The Difference a Year Makes: Pour Your Heart Out

The thick stack of questionnaires sits beside me on my desk.

We’ve been here before.

At this time last year, in fact.

Then, I feel like I cried every day.

I didn’t know what to do to help my Bear.

Every day was so freaking hard with him.

He was kicked out of school, would have tantrums so complete there was no way I could physically restrain him. His outbursts were emotionally and physically draining.

To make it worse, nothing I said or did seemed to help any of it.

Nothing anyone said or did seemed to help.

I felt like I was failing my son.

So we went through the evaluation process for him. Most questions on the pre-appointment questionnaires feeling like another needle prick in my skin, reminding me of how useless I was as a mom.

My pen hesitating before circling the answer that applied to him. Because it all sounded so negative and awful.

And despite it all, he was still my baby and he could be such a caring and sweet kid. What do I circle for that?

But I answered the questions truthfully, heart aching because I hated the picture they painted of my child, wanting to explain his good qualities in there as well.

Reading through his teacher’s evaluation and having my tears turn to sobs as her picture painted an even darker picture of my son.

“That’s not true!” I yelled at the papers after reading her responses to a few of the questions.

Having already felt at the end of my rope, at least I didn’t have any further to fall at that point.

Questionnaires were rated and he went through the entire evaluation process. We were given the results: PDD-NOS and ADHD.

At least from there, we were able to get Bear services and help at school.

Things got somewhat better at his new school- he had an understanding teacher who was willing to work with him as well as support staff from his first day there.

But things were still hard.

Ordinary, every day things that other families take for granted like going to soccer practice or hell… even getting into the van to go somewhere without having it be a whole process.

Then this fall, we started him on medications for his ADHD.

He had new teachers.

We started noticing a huge difference in him. Even his peers started noticing a difference.

Instead of parent-teacher conferences where we heard all the bad, we had one where we heard nothing but good.

There are still challenges. I’m not trying to say that oooh, give him a pill and magically, he’s completely “normal.” Though go a day without and how bad it was comes rushing back.

He still has things he struggles with and he still has quirks. He still needs more one-on-one attention than our other boys do.

But as I fill out these questionnaires this year, my answers are so different. There’s not as much pain in my answers.

I know the teacher questionnaire will look totally different as well.

I don’t know what this new evaluation will tell us. If his diagnosis will stay the same or if it will change.

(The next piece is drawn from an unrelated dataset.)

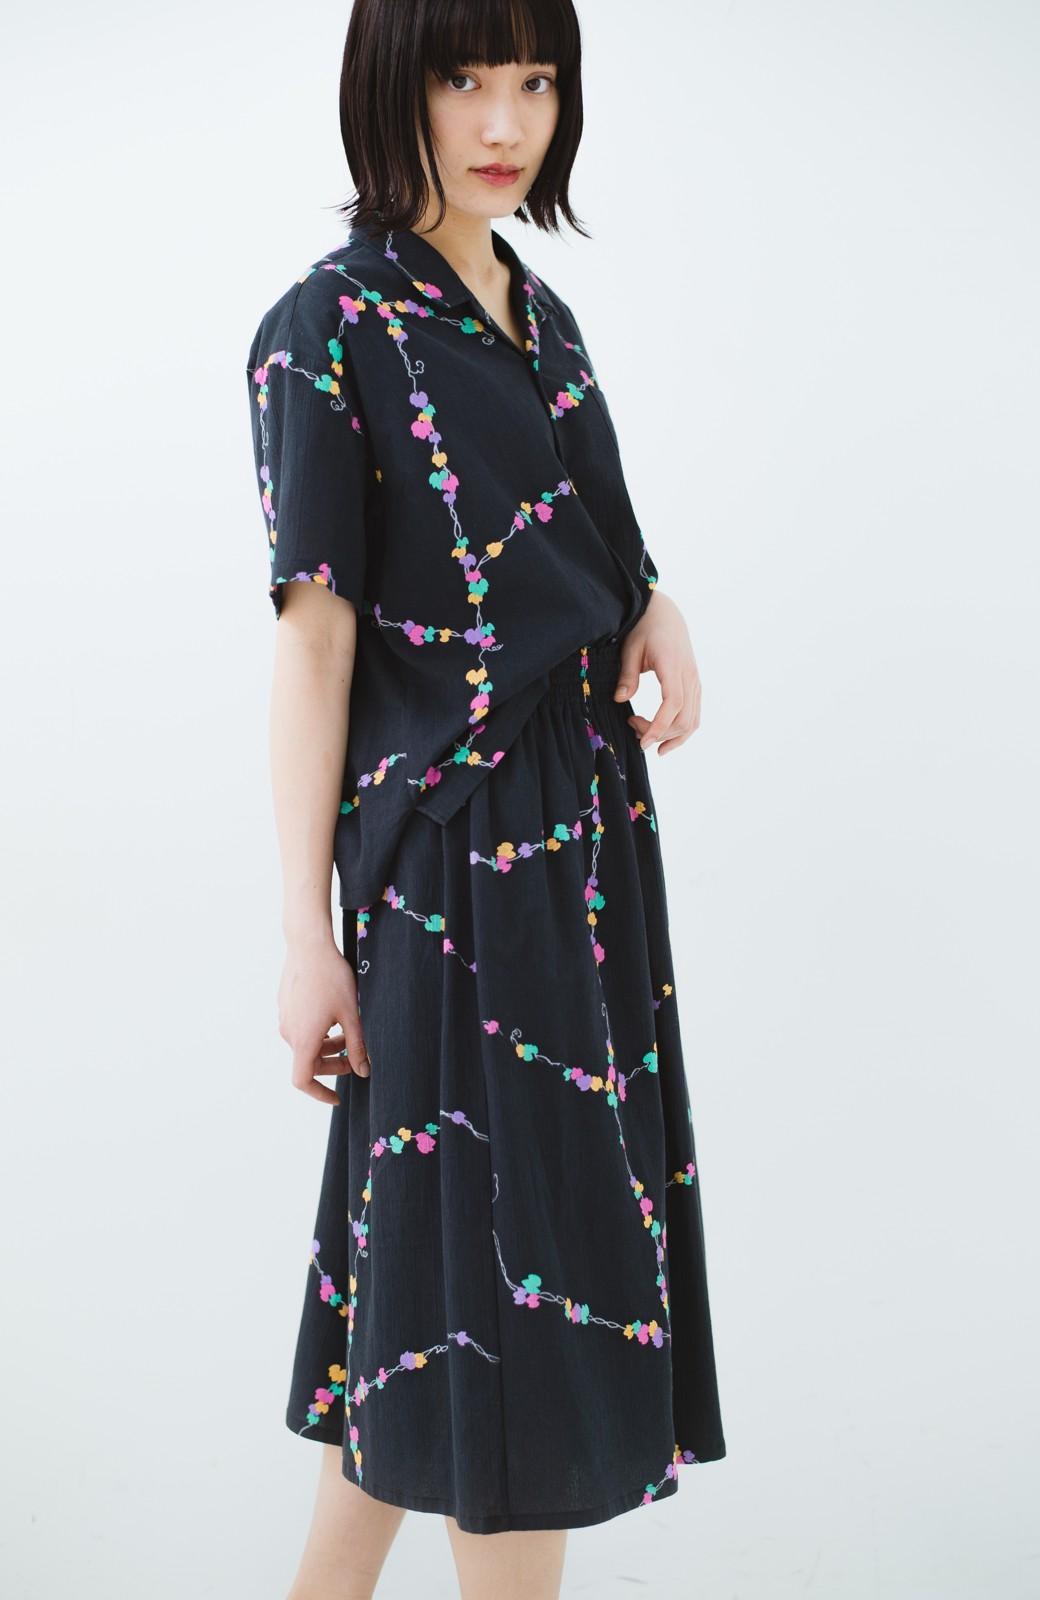 haco! 京都の浴衣屋さんと作った浴衣生地のスカート <ブラック系その他>の商品写真22
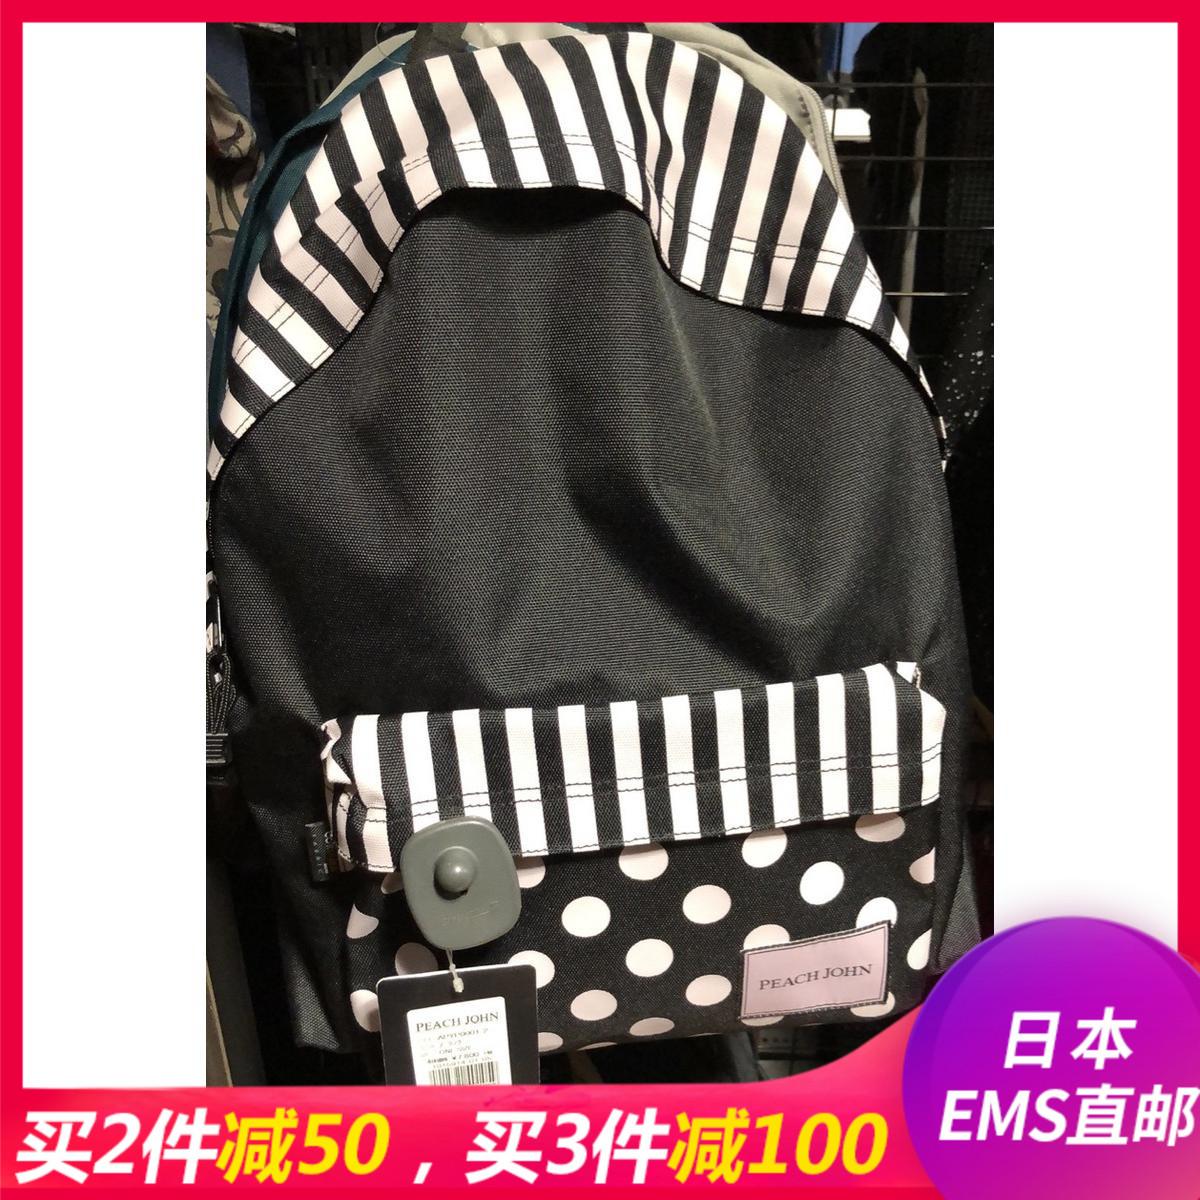 yoyi日本代购PEACH JOHN波点女士双肩包APYP0001-2

But I don’t know if I’ll care about what the new diagnosis is.

Because things are so much better.

I wish I could go back to when just trying to make it through the day felt exhausting: like everyday I was being asked to scale the tallest mountain while simultaneously carrying and being crushed by the weight of several elephants. And every day, instead of making progress, I felt like I was going backwards. And each new morning, I had to try to do it over again, without any rest or help.

I don’t wish to go back so I can feel that again. No fucking way.

But I wish I could go back and tell myself that feeling wouldn’t last.

That in a year, our family would still be climbing a mountain but that we’d realize there are bigger mountains than the one we are on. And that the elephants weighing us down would disappear and that on the hardest days, I’d only have to carry a heavy backpack. And that yes, having to do it all over again each morning is just a part of life, but that most mornings, I’d feel like we were starting a little further up the mountain than we had the day before.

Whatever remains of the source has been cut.